Cleaning up Replication Monitor

  • Nice !!

    Adding a new Publication with the name and the deleting it worked perfectly.

    Many Thanks

  • Bravo...I'm gratified with your solution. It worked...:-)

  • what about if you just remove the publication from the table select * from MSpublications , would that work too?

  • I got the same problem on a SQL Server 2008, a general database failure (the files got deleted and the database was put offline by sql server at the same time)occured yesterday in 1 of our non-critical databases.

    It was quickly restored but the replication was unable to work again, after spending a few hours looking I found out a new publication had been created on the restored database and that this was conflicting with the publication from for the crash.

    This was strange since our company policy in such cases says that the old publication has to be removed and recreated. We found out that we could recreate the publication under the old name but their were still problems. Deleting it kept it in the replication monitor, this morning I once again recreated the publication under the same name and deleted it and the publication was removed in replication monitor.

  • Old thread but the trick of creating a new subscription to the same target box and then cleaning it up using exec sp_dropmergesubscription worked for me too.

    Replication monitor is not clean and not reporting any errors.

    Oh, and I am under 2008R2

  • I have had similar problems on a sql2k replication subsystem. Removal of subscriptions from a publication deadlocked+killed, leaving orphaned subscriber info on the distributor.

    Replication monitor reports the subscription from distribution database, but publication does not think there are any (until an error is thrown when attempting to delete).

    Recreating the subscriber completed ok, but when attempting to delete the new the publication again the new subscription info was removed & an error thrown at the orphaned data again.

    To resolve, I went to the distribution database on the distributor & checked for the relevant subscriber in mssubscriptions & found the article data from msarticles

    this allowed me to successfully use sp_msdrop_subscription to remove the orphaned data.

    After that removal of the publication was ok.

  • nuwins solution is Perfect, worked perfectly! 😀

  • I Know it is bit late, but may help someone in future.

    Delete related publication entries from following tables. This will clean up Replication monitor. Please make sure you delete the old publisher(which doesn't exist any more) and not the current one.

    select * from distribution..MSpublications

    -- delete from distribution..MSpublications where publication_id = **

    select * from [distribution].[dbo].[MSsnapshot_agents]

    -- delete from [distribution].[dbo].[MSsnapshot_agents] where id = **

  • I just clean up the very old publication's from the replication monitor using this tables. Thanks!

  • you should delete a row in table [distribution].[dbo].[MSsnapshot_agents], the database distribution is in system's database.

  • adding a new publication with same name and removing it works . Finally i could delete all those red marked publications from the replication monitor !! 😀

  • So how it would be deleted from the Replication monitor? though every time i delete from sysmergesubscriptions, it shows again in Replication monitor.
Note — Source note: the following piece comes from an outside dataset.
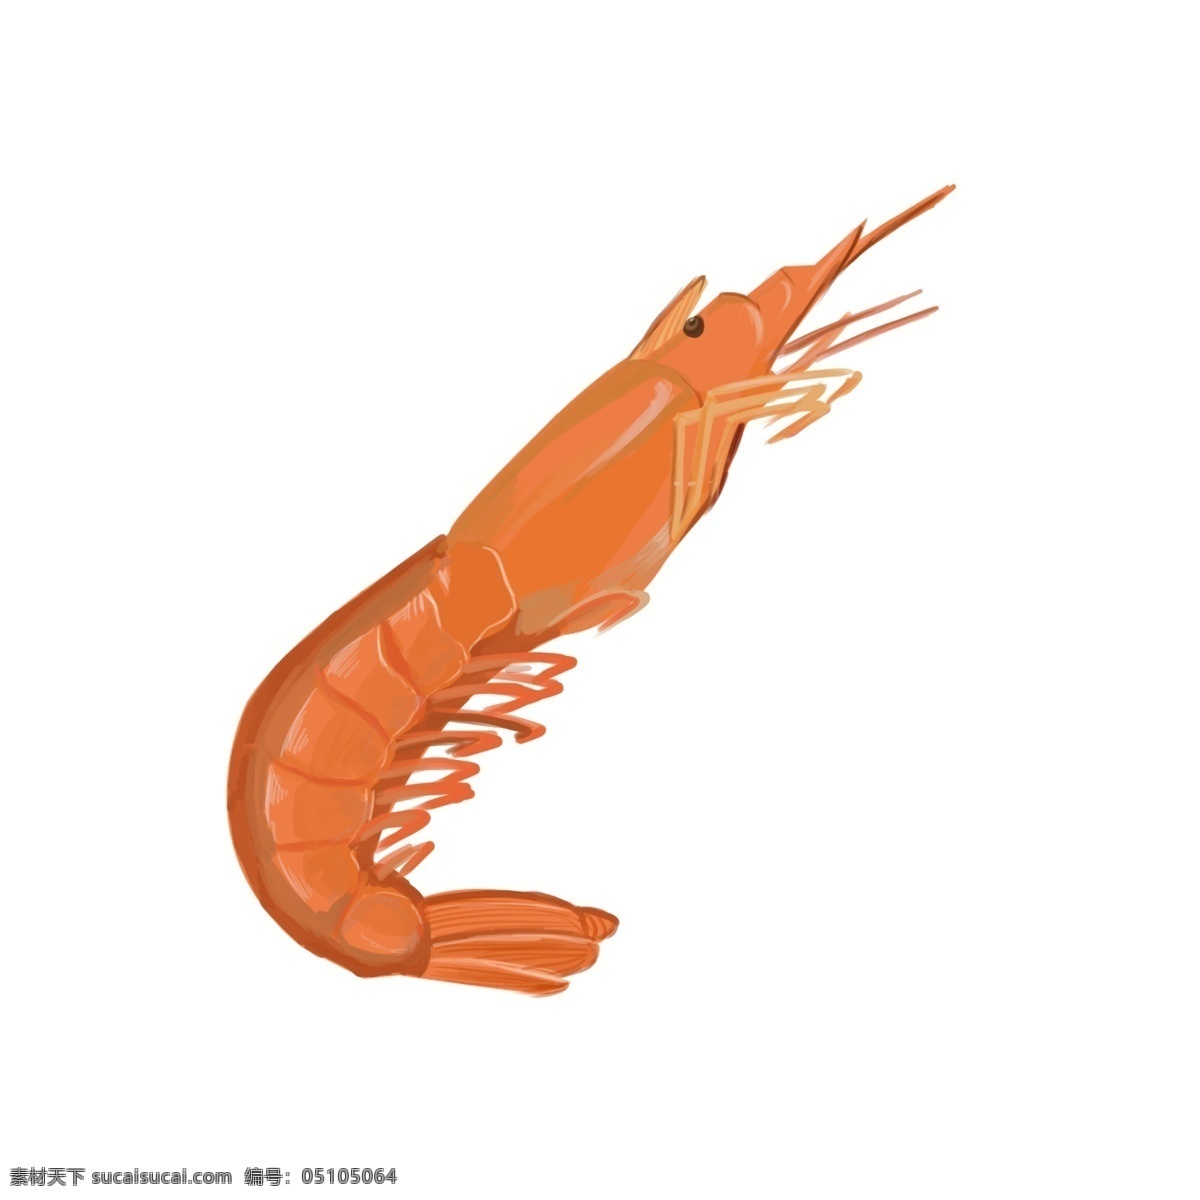 手绘 卡通 橘黄色 虾 插画 手绘虾 卡通虾 橘黄色的虾 美味的虾插画 海洋食物 做熟的虾 海鲜 动物 食物

  • Hey Guys so it sounds like solution for creating publication with the same name and deleting it works great for everyone. I just wanted to mention that I too had this issue with Replication Monitor not clearing up errors in 2014. I used sp_removedbreplication and confirmed all replication was gone ( i even dropped databases to make sure) and still got the same error. I realized that the agent jobs for replication for the old publication was still there and re-trying. I ended the job, disabled the jobs and in the next cycle of refresh Replication monitor cleaned up. I the method mentioned above is the cleanest way to do it because if you hand pick internal tables you will not know which ones are clean and left over.

    I vote for creating a publication with the same exact name and deleting it to ensure all the internals are cleaned.

    Hope this feedback helps.

  • What cleanup table in MSDB?

  • 2005_DBA - Wednesday, June 12, 2013 7:44 PM

    I Know it is bit late, but may help someone in future.Delete related publication entries from following tables. This will clean up Replication monitor. Please make sure you delete the old publisher(which doesn't exist any more) and not the current one.select * from distribution..MSpublications-- delete from distribution..MSpublications where publication_id = **select * from [distribution].[dbo].[MSsnapshot_agents]-- delete from [distribution].[dbo].[MSsnapshot_agents] where id = **

    type your message

        Do you also need delete records from this table MSsubscriptions?